Southern Spain and Portugal are dream destinations. Centuries old traditions;
breathtaking beaches; inexpensive eats; Gothic, Renaissance, Manueline, and
Moorish architecture, sometimes all in one palace or church;
scrumptious pastries; and warm, friendly people await travelers in both countries.
Our family of four has been home from our three week trip about a week now and I'm still sorting through the 6,188 photos we took with our
four cameras. (Oh, and there's lots of video, too.) Without the restrictions of the cost of film and developing, nowadays we're almost tortured by TMI. Too many images.
Which one of the 203 photos we took of the Alhambra will I send to my family? put in the photo album? post on my blog? It's mind-numbing. But as my daughter so sweetly said, "It's the picture in your memory that's most important."
My husband and I had been to
northern Spain before but never to the south, nor to Portugal. This was the first family trip to Europe without previous travel to any part of the destination (except the 2-night stay in
Madrid).

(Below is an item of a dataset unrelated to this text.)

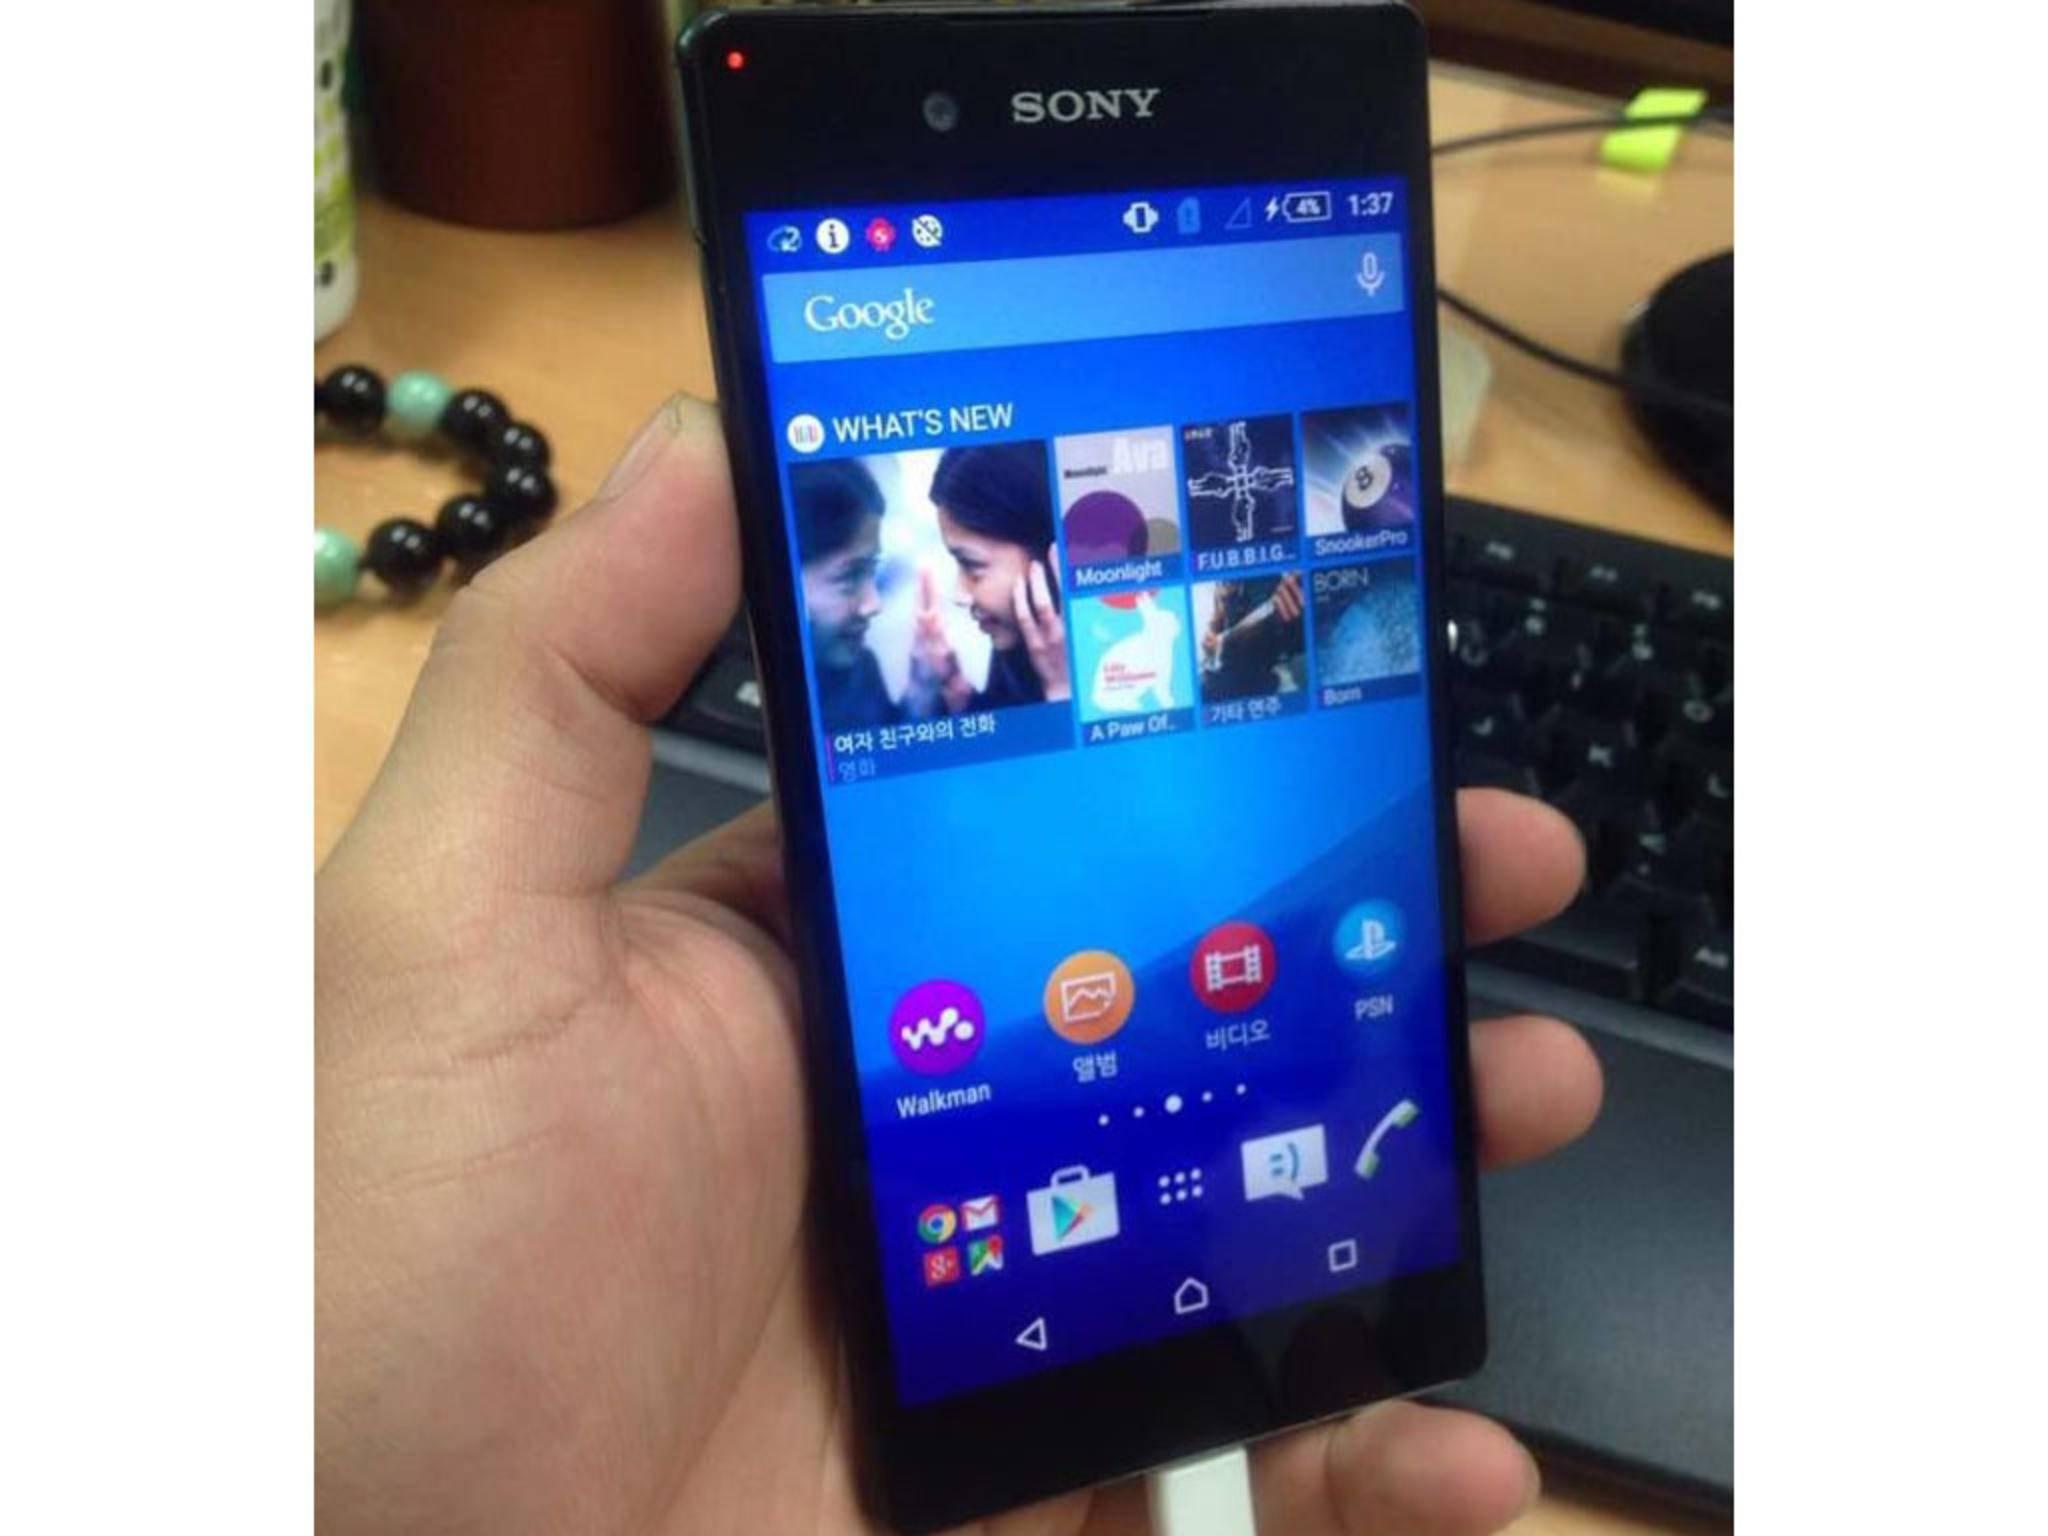 Das Sony Xperia Z4 bzw. Z3+

When the kids were younger, the trips to Europe were more focused on getting them adjusted, showing them places we've been and things we've seen, and meeting the many relatives. The unfamiliar destinations on this trip ensured it would be an adventure for everyone. We got lost together, stumbled through the language barrier together, and gasped in awe together at new sights.

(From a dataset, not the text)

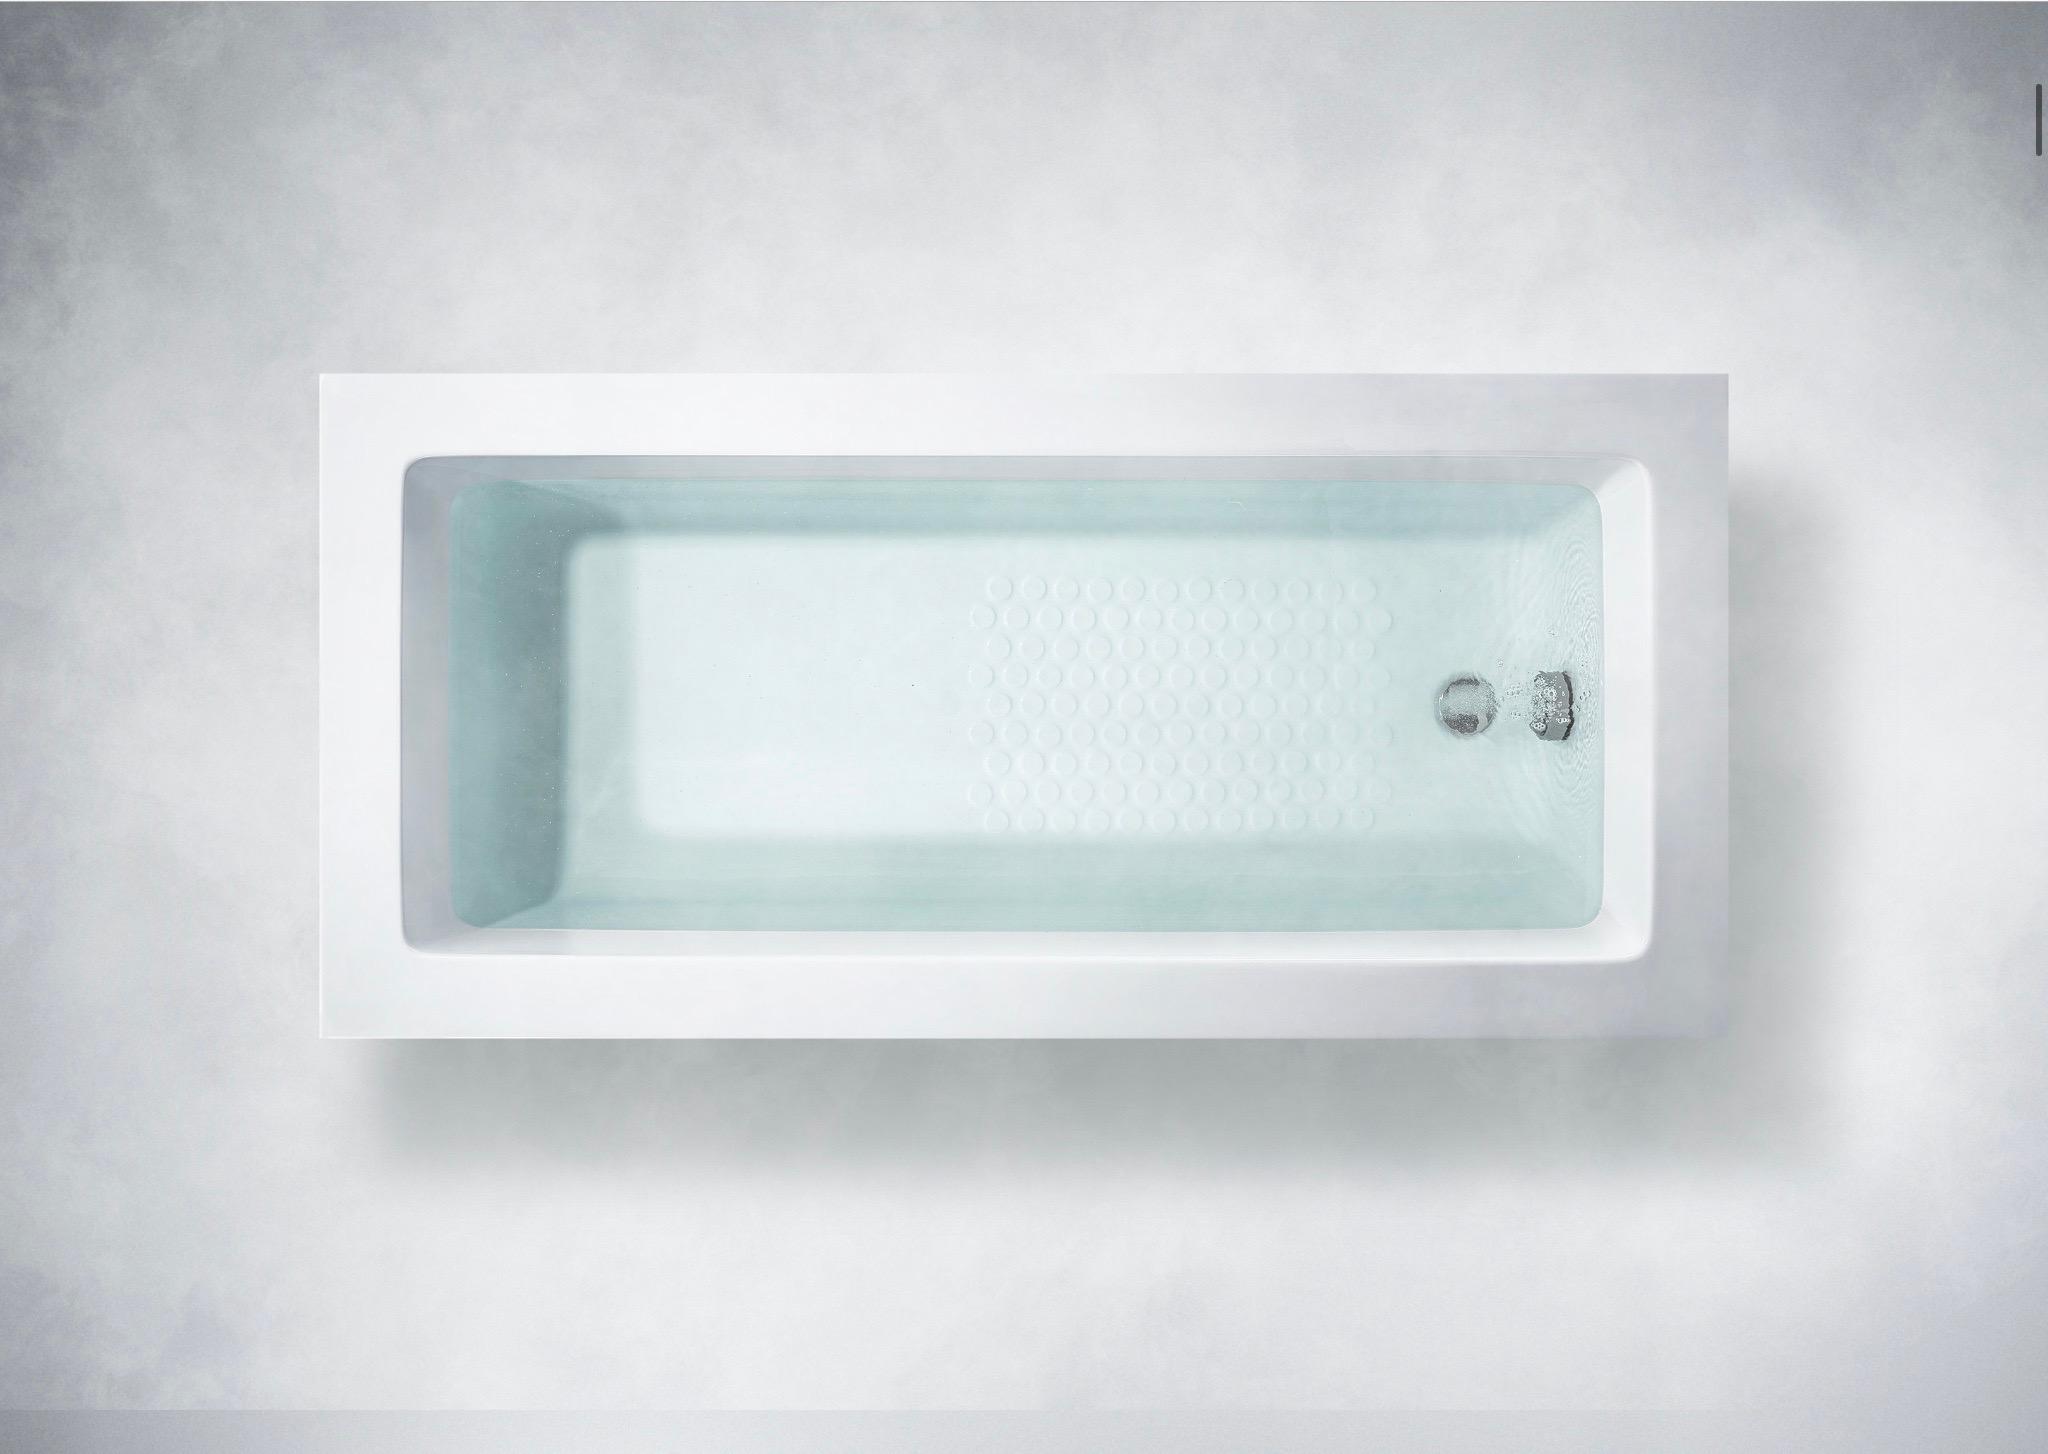 リンナイMicro Bubble Bath Unitについて その2

I made some general observations about Spain and Portugal while there. Thought I might pass them along:
• Taxis are cheap. Most of the time cheaper than the bus or metro fare for four.
• Spaniards love
ham. Smoked ham, baked ham, fried ham, any kind of ham. Ham
bocadillos (sandwiches) are just about the cheapest meal you'll find anywhere in Europe. Made me wonder where all the pig farms are, since we never encountered one.

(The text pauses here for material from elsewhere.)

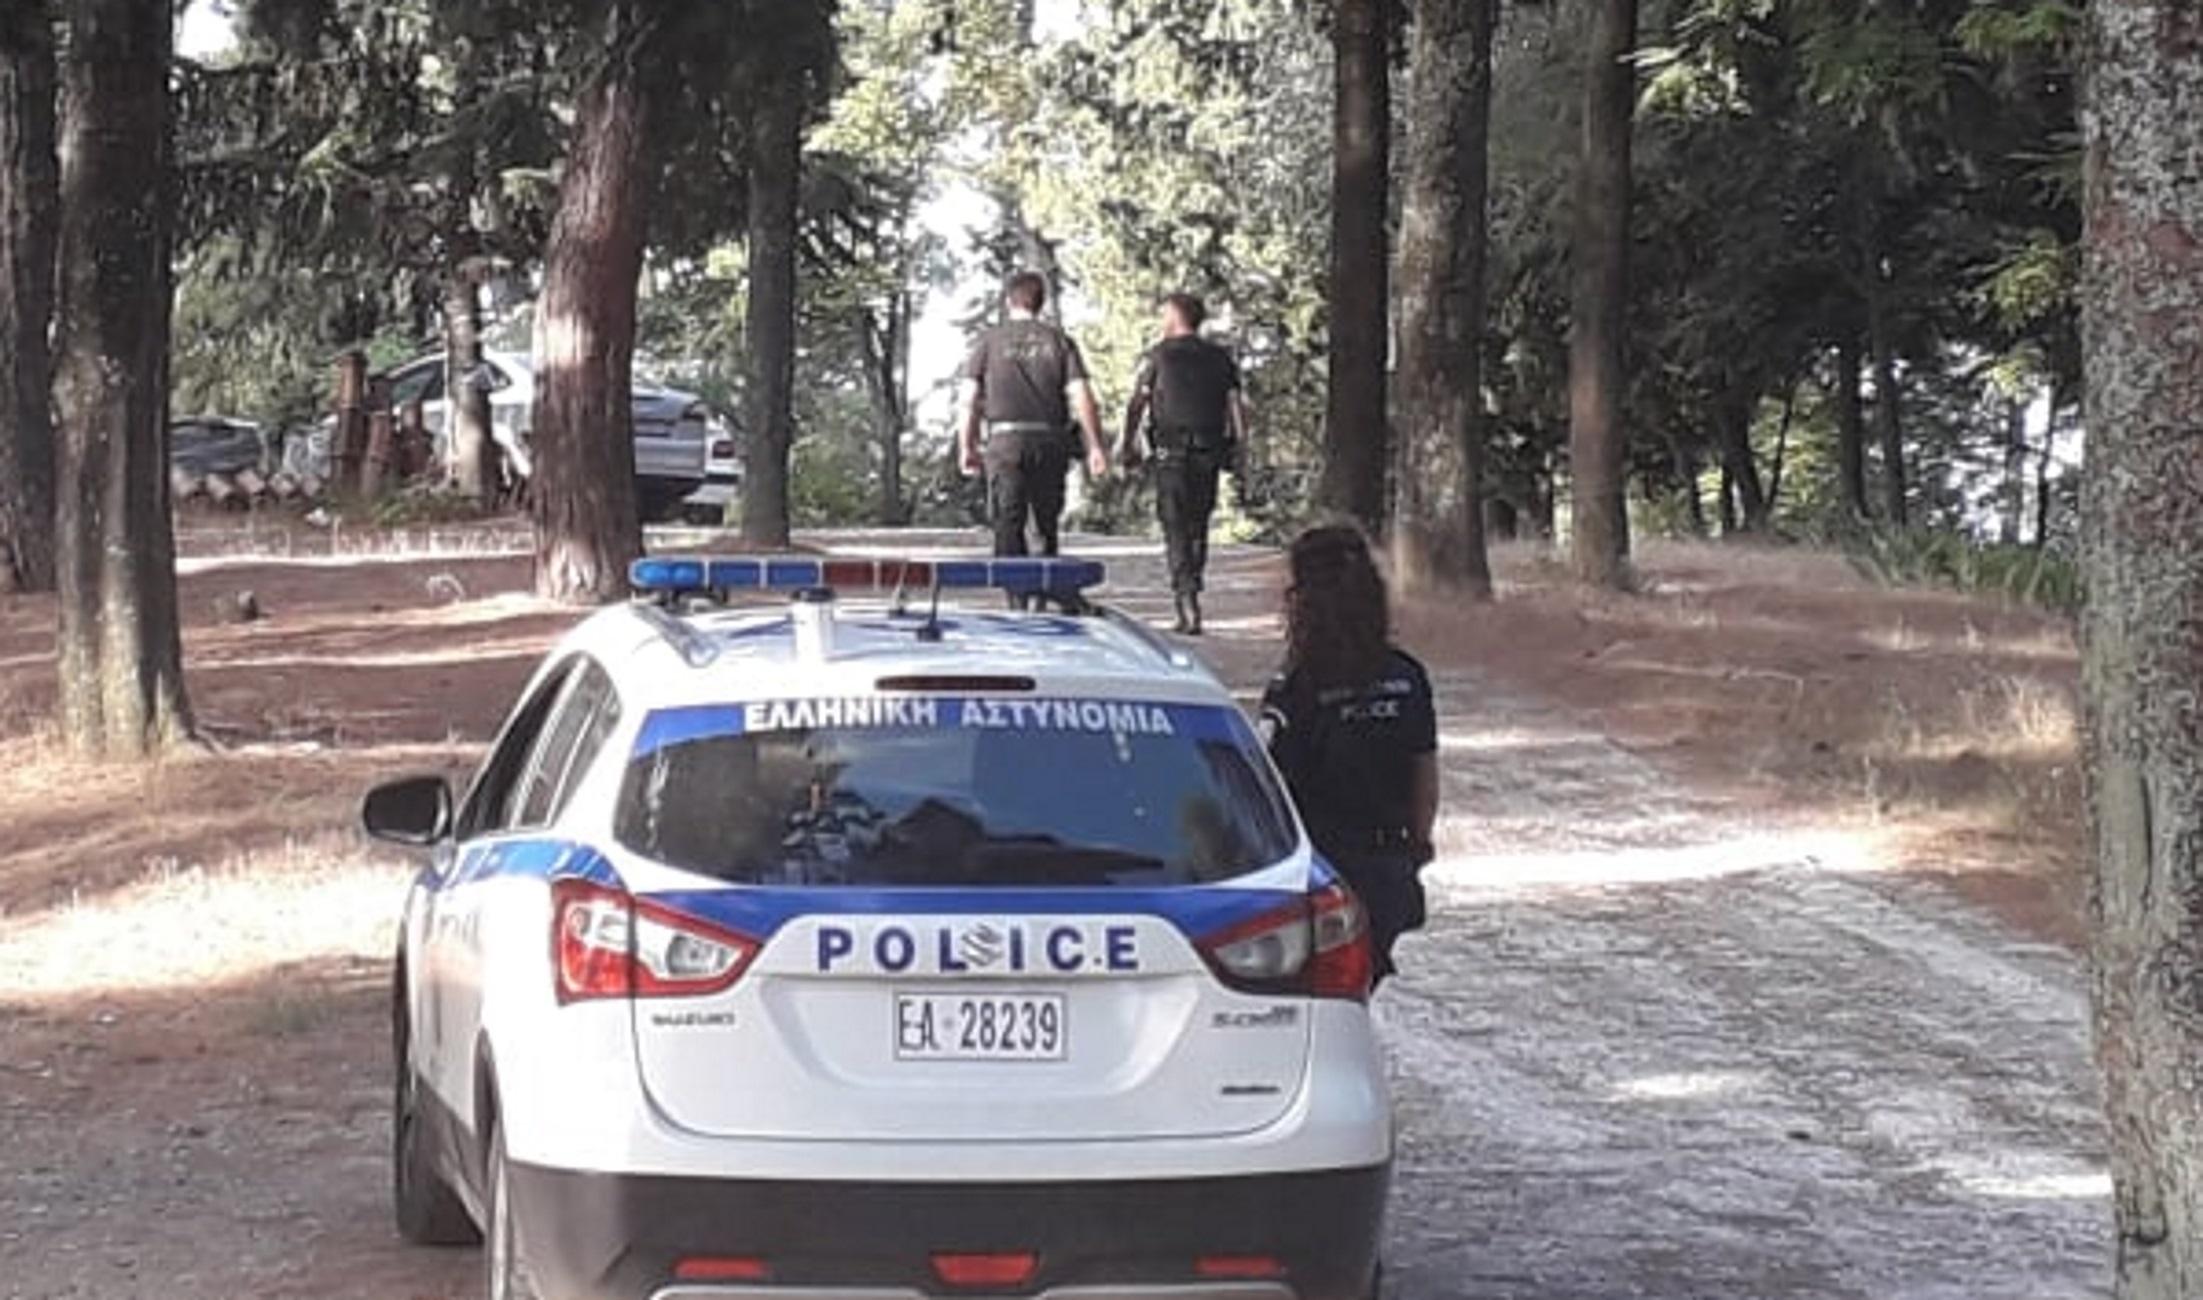 Τρίκαλα: Τι διαπίστωσε ο ιατροδικαστής για τον θάνατο της 16χρονης μαθήτριας έξω από εκκλησία! Τα νέα στοιχεία στο θρίλερ (Βίντεο)

• Food and alcohol is relatively inexpensive. A beer at a restaurant is only 2€ and a tall glass of sangria (yum!) only 3.50€.
• Not "everyone speaks English" as is so commonly proclaimed by Americans. In Holland or Belgium, yes,
everyone speaks English, but not in Andalusia or the Algarve. In my opinion, this adds charm to a place.
• The countryside in these regions of Spain and Portugal reminds me of the drive up Interstate 5 through California's Central Valley. Dry, brown, and hilly. Only California doesn't have even the occasional castle or
white hill town along the way.
• Much to my mother's relief, we saw no evidence of restless, unemployed youth gangs, even in the big cities.
• We were not financially inconvenienced by any
PIIGS crisis.
• Be prepared for the occasional
power outage. This has absolutely nothing to do with any PIIGS crisis, but with the fact that Spain and Portugal are southern European countries.
• I was disappointed by the lack of fresh fruit in Spain. Corner fruit stands are rare and the local supermarkets have only sad, old fruit. Maybe we just never found the right market square. Portugal was better.
• Like most old cities in Europe, the cobblestones are severe, and make pushing a baby stroller difficult. The steep hills in Spain's white hill towns as well as in
Lisbon make pushing a baby stroller practically impossible.
• The Spanish and the Portuguese are tremendously friendly. Shopkeepers, tour guides, restaurant servers, locals on the street - all were kind and helpful.